Inequalities In Health: The Failure Of The NHS In Postwar Britain

Dr Charles Webster November 1992 Contribution to Health, Wealth and Poverty conference.

It was not until the Report of the Working Party on Inequalities in Health (the ‘Black Report‘) of 1980 that the issue of inequality come into prominence in NHS circles, some thirty years after the NHS was established. The Black Report was unrepresentative. More characteristic was the Royal Commission on the NHS, an investigation which ran parallel with the Black Working Party, and which was friendly to the Labour government. Its report (1979) contained no reference to Black and no index reference to equality, inequality or indeed to poverty. This lapse in the Royal Commission Report suggests a serious and worrying paradox: the NHS was established to generate greater equality in health provision and thereby reinforce the effect of related social measures. Yet the question of inequality occupied a low priority and was only belatedly addressed. Even then, reaction to this issue was minimal and certainly not proportionate to the scale of the problem. With respect to this serious shortcoming both Labour and Conservative governments were almost equally culpable. The problem was discovered, or rather re-discovered, in the 1980s in the harsh circumstances of the Thatcher regime – since it had been discovered in the interwar years.

It is necessary to understand the attitude that built up in public health circles in the course of the earlier part of this century. There was the belief that the slow incremental expansion of the health services, with an increasing degree of public investment, would gradually but surely overcome the problems which we associate with inequalities. Even at the beginning of the century there was a complacency building up that the health services had already attained a great deal and that health indices had reached what was called at that time an ‘irreducible minimum’. It was not until 1911 that the first Registrar General’s Inquiry into Social Class Mortality revealed that this complacency was not well founded. It revealed for instance that infant mortality rates were averaging 76 per 1000 for the middle and upper classes and 160 for the families of miners. Similar degrees of disadvantage applied widely, for instance to maternal mortality and tuberculosis mortality. These worrying discrepancies represented the tip of the iceberg of ill health, because the morbidity indices were not available, and have never been adequately available.

Deadly Equation

Regardless of findings of this kind, which were confirmed in every Registrar General’s investigation, the degree of complacency in the field of public health became greater in the interwar period and during the depression. Something of a ‘deadly equation’ was reached during this period. The idea that wages, regardless of their level, or benefits, regardless of the low level at which they were set, plus the public health measures undertaken at the time, were sufficient to maintain subsistence and eliminate preventable diseases. That meant that if there were social class discrepancies in the field of health it could only be because of the biological disadvantage of those concerned or the moral deficiencies of the social classes who were affected. So the bureaucrats in public health, led by the Chief Medical Officers of the day, were able to mount a conclusive campaign to assist the policies of retrenchment of National governments of the time. It is scarcely possible to believe some of the statements which were made at the time. The Chief Medical Officer in his Annual Report in 1933 said that there was “no available evidence of any general increase in physical impairment, in sickness or in mortality, as a result of the economic depression or unemployment.” That could of course be something reproduced by the official documents of the 1980s.

But the official establishment at this time was not able to succeed with its propaganda on behalf of the policies of complacency. Increasingly the social scientists and nutritionists were able to establish that the levels of unemployment pay or the levels of low pay of the lowest paid workers were insufficient to ensure the minimum subsistence of the classes concerned.

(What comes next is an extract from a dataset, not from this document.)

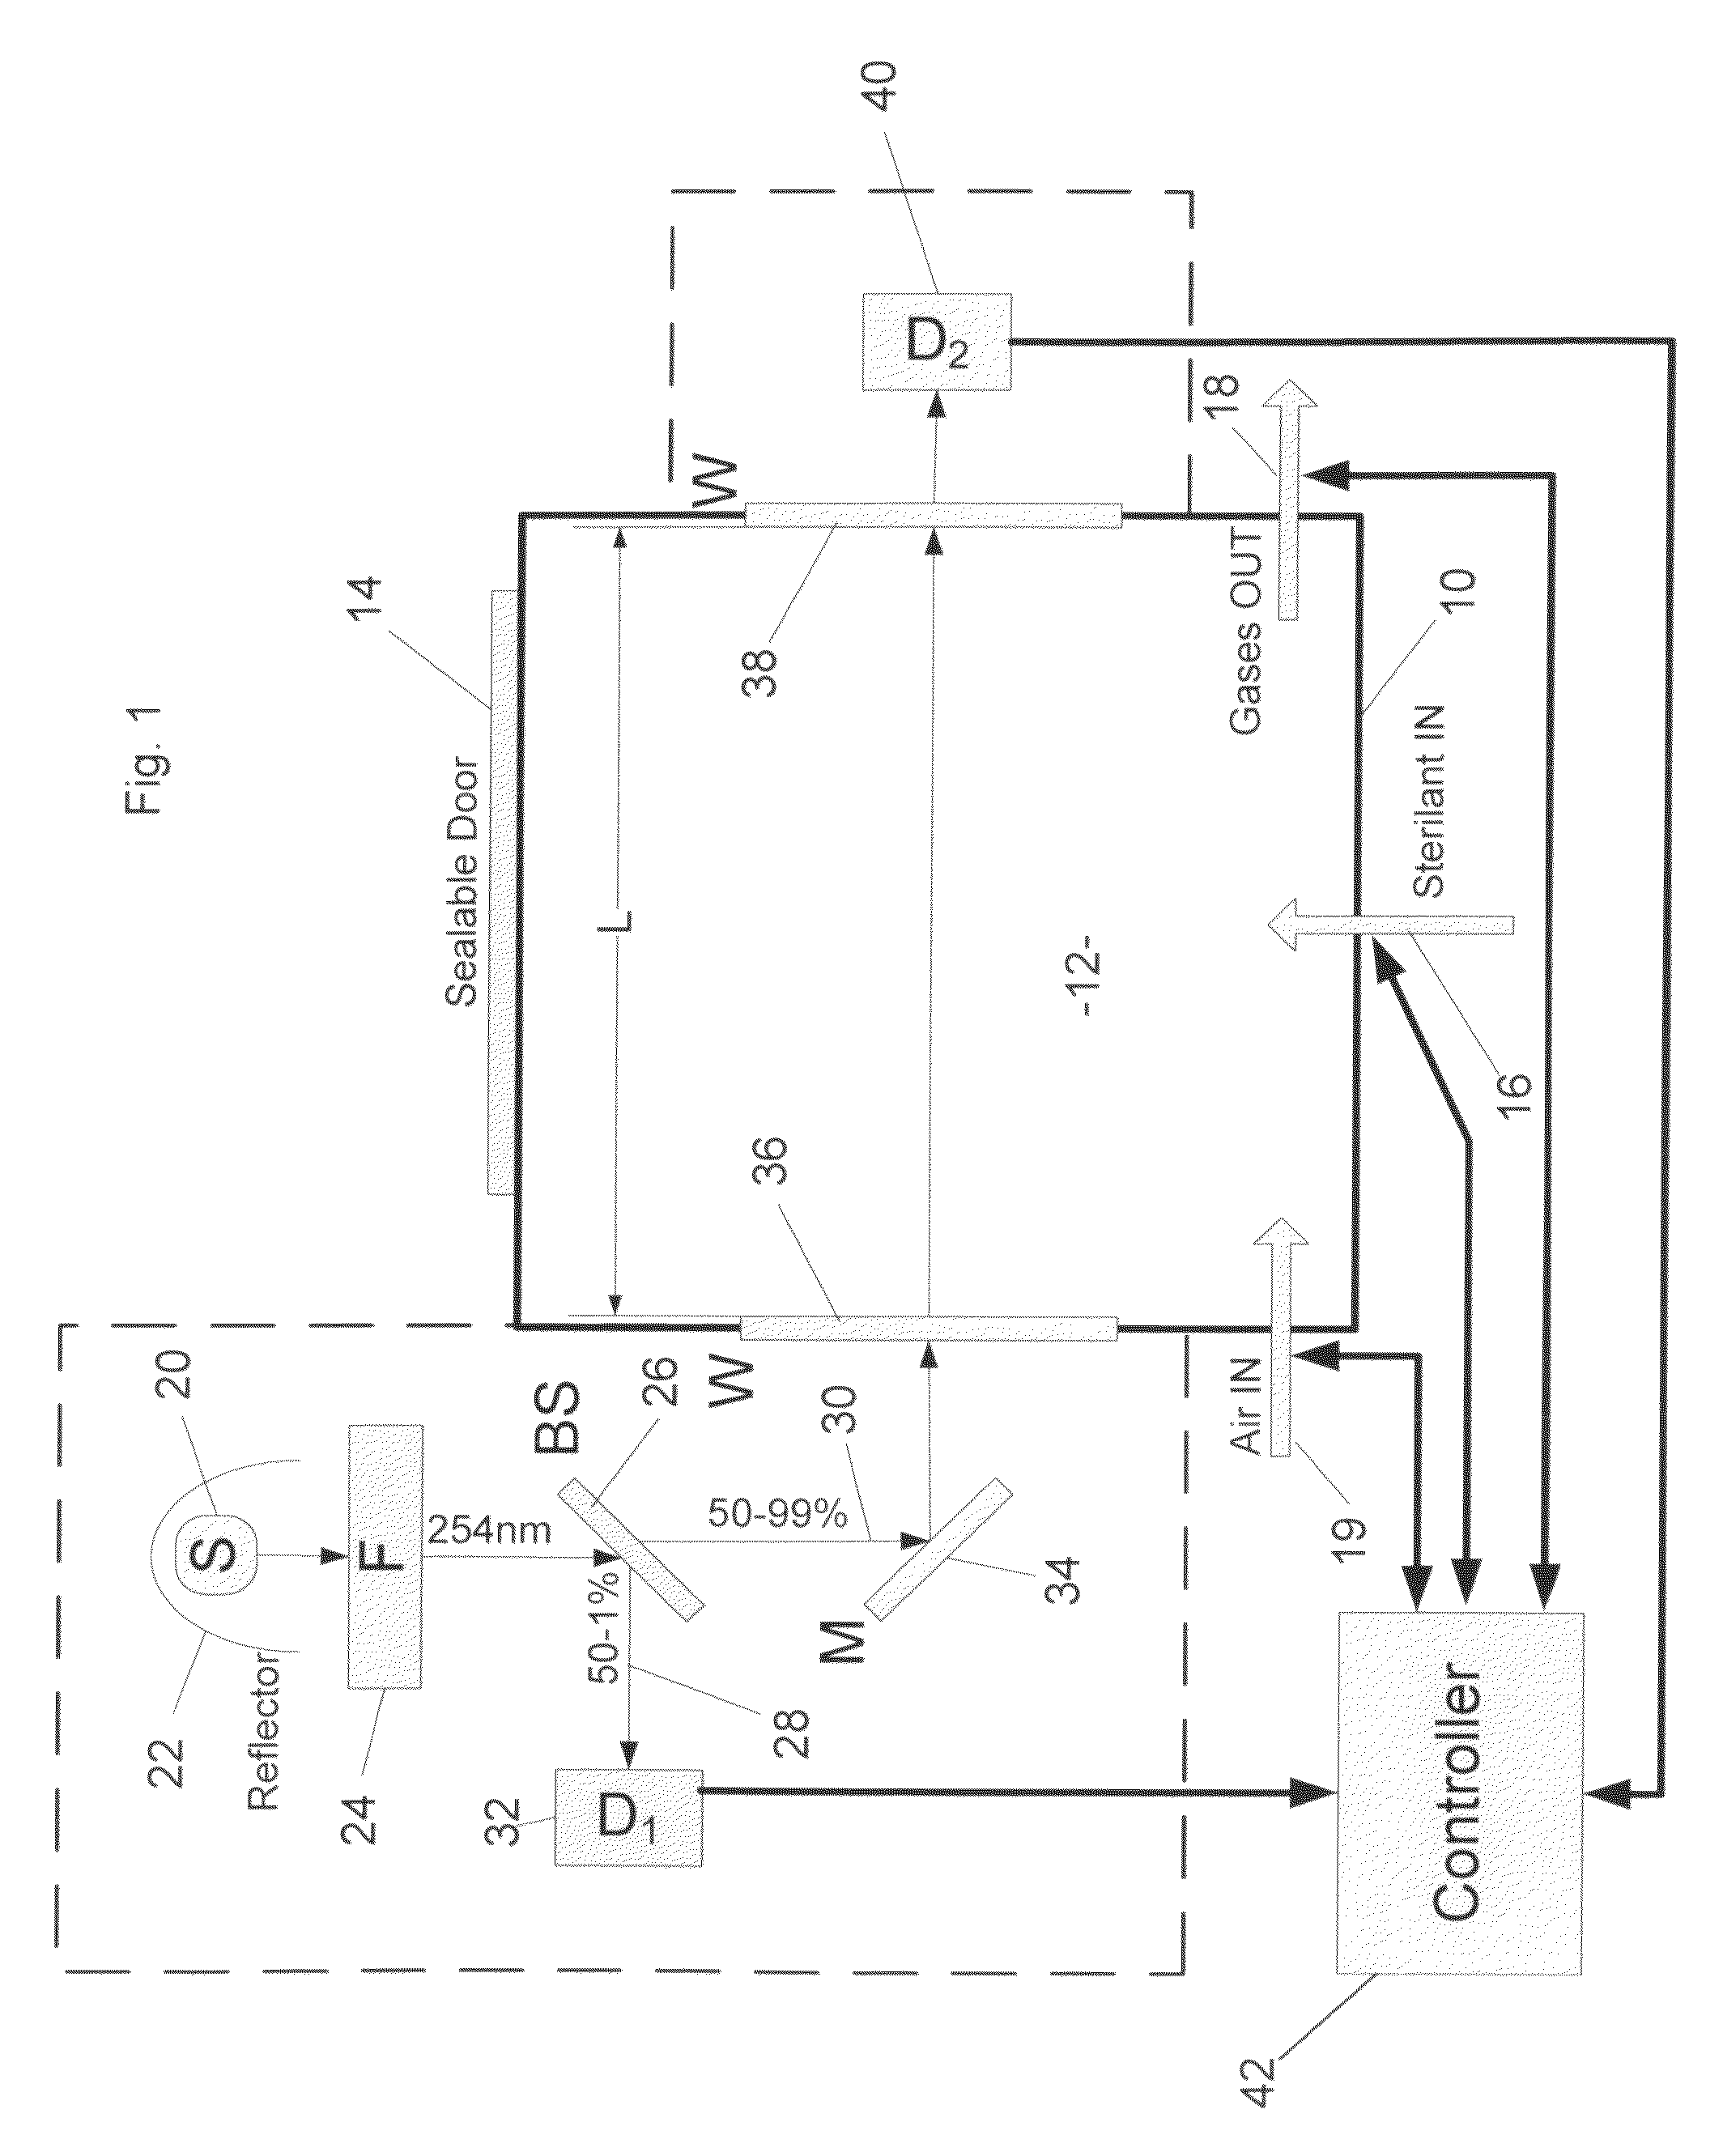 Apparatus and method for measuring the concentration of gases in a sterilization chamber

The official data was increasingly exploited by the critics of the bureaucracy and of the National governments to demonstrate that the problem of inequality was far greater and far more susceptible to policy intervention than was allowed for by the government. The leading investigator in this field was Richard Titmuss, whose books Poverty and Population (1938) and Poverty and Wealth (1943) have attained the status of social science classics. To quote from Titmuss: “Despite a considerable fall in the absolute rate, the range of inequality or total infant mortality is as great, if not greater than in 1911″(1943). “We are in fact further away from the goal of equalised health than we were thirty years ago and this despite the rise in the annual cost of social services from £55m in 1911 to £420m in 1930/2. ” “Is it too much to suggest that if the gradient of economic inequality had become greater with the years, a statistical study of infant mortality would have yielded results very different from those recorded in this book?” In other words, Titmuss was writing conclusions that we might again be writing in the 1980s and 1990s. But Titmuss also not only identified clearly the problems in income and health but also the very important phenomenon of the misallocation of resources. This is a complex issue, but the unplanned system of health services in existence at that time – the kind of unplanned system that we are now reverting to again – had resulted in a haphazard, wasteful and eccentric pattern of services which often resulted in extravagant and inappropriate services, resulting in the most useful services being least developed in the areas of greatest need. This is not a universally shared summary of the health service situation in the interwar period and it is indeed contradicted in a recent paper in Public Administration by Martin Powell, but I consider that paper to be erroneous.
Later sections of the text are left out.